Regulatory Affairs Associate - Czech Republic

PRA international

Place of work
Czech Republic, Prague
Contract type

Information about the position

Job description, responsibilities and duties

As a Regulatory Affairs Associate (RAA) you are responsible for preparing, submitting and following up on initial and amended Ministry of Health (MoH), Central Independent Ethics Committee (IEC), and other central submissions required in Czech Republic. This includes the creation and modification of documentation required for approval.

Furthermore, you will ensure that all importation and exportation requirements are met for the Investigational Product and any other clinical trial supplies. You will review the translations of clinical trial supply labeling to ensure it meets local regulatory requirements.

Additionally, you will make sure that Insurance Certificates, Country Specific Informed Consent forms and any other patient documentation adheres to country requirements.

Employee perks, benefits

Together with a competitive salary, we offer a comprehensive range of benefits and an excellent working environment. As we continue to expand, there will be career opportunities on a truly global scale.

PRA is an EEO/AA employer and is committed to providing opportunities to minorities, women, veterans and individuals with disabilities.

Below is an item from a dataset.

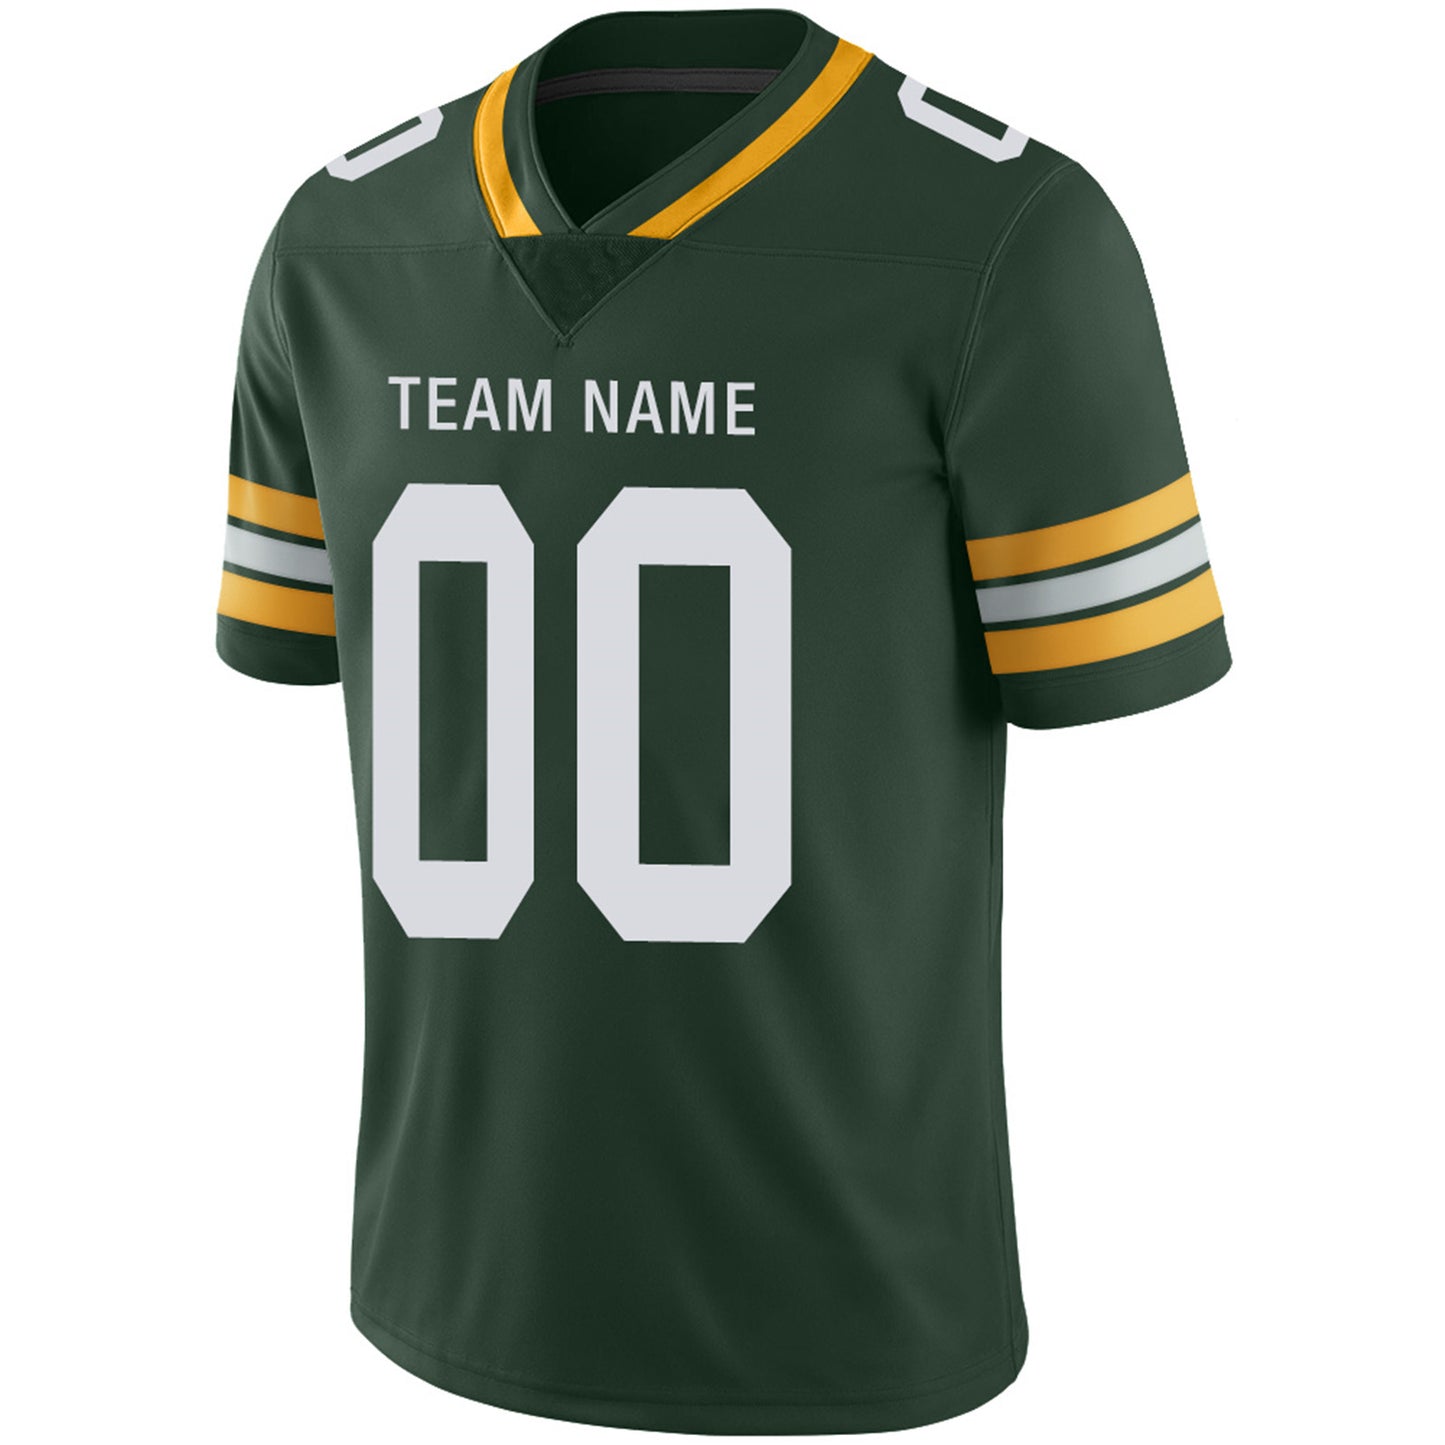 Custom GB.Packers Football Jerseys Team Player or Personalized Design Your Own Name for Men's Women's Youth Jerseys Green
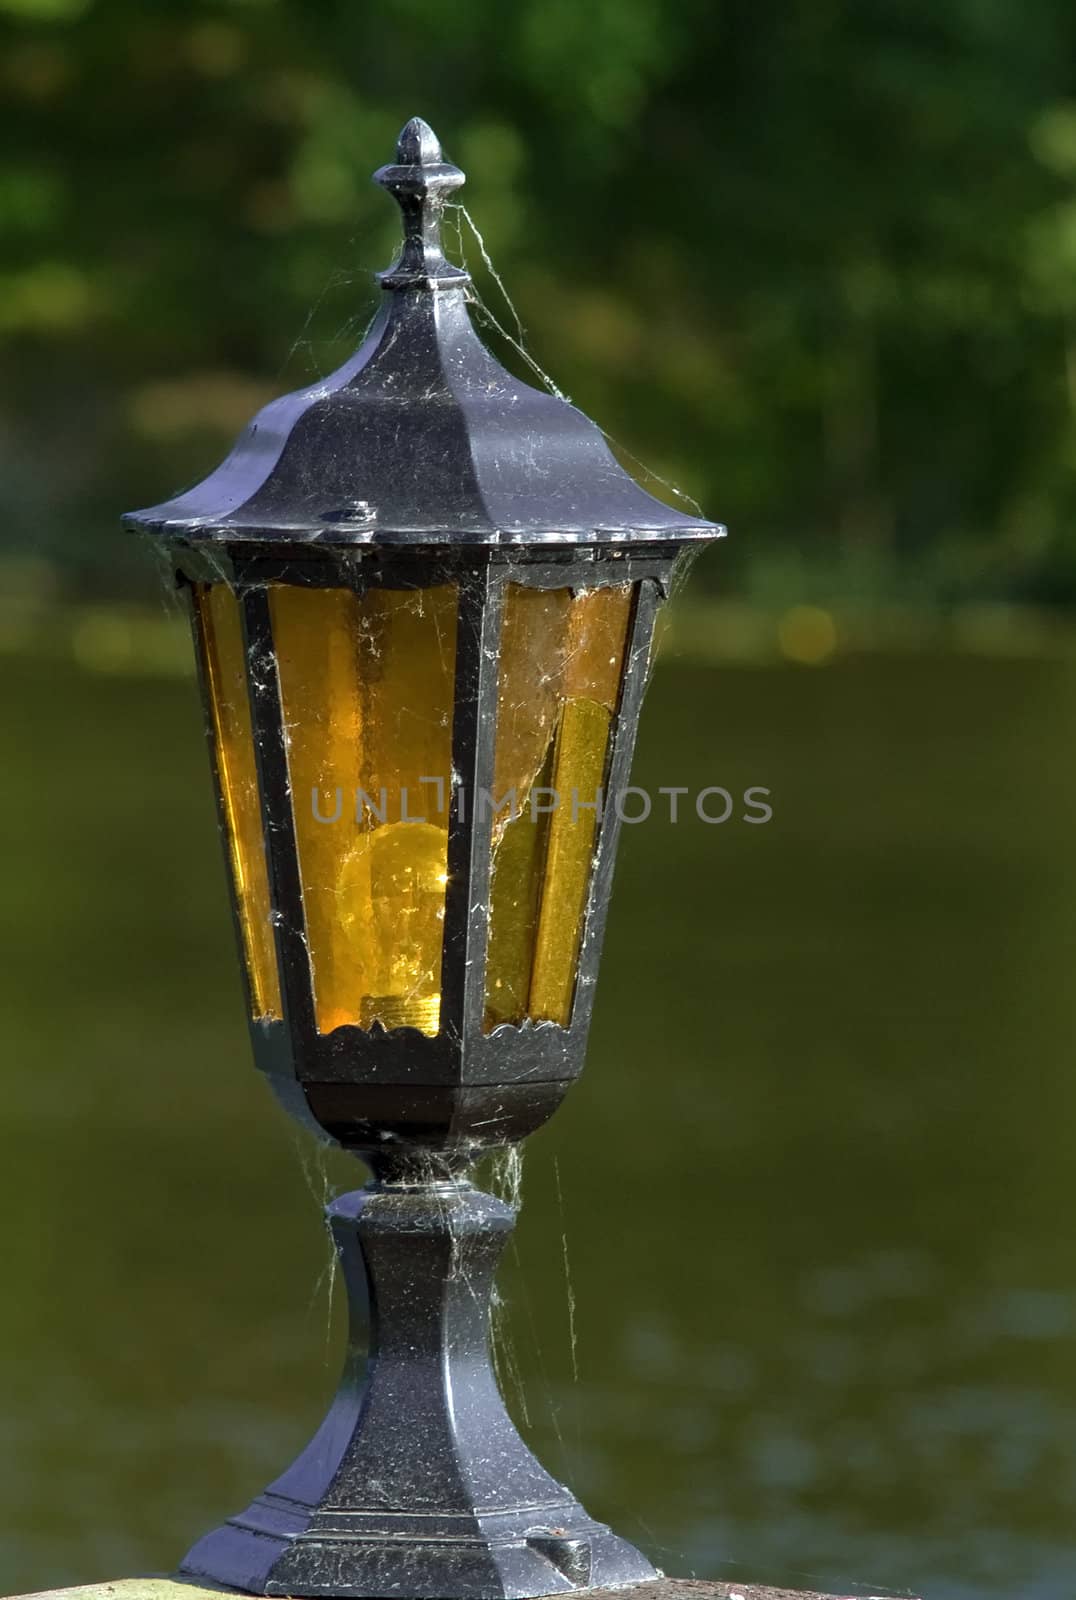 the old lamp by Mariusz1962

Requirements for the employee

Candidates with education suit the position

University education (Bachelor's degree)
University education (Master's degree)

Language skills

Czech - Advanced (C1) and
English - Advanced (C1)

Personality requirements and skills

To be considered for the Regulatory Affairs Associate position you must have a BA/BSc (or equivalent) in a related science field along with experience working within clinical trials regulatory affairs within either a pharma or CRO. Experience of Regulatory submissions is required. Fluency in Czech and English is essential.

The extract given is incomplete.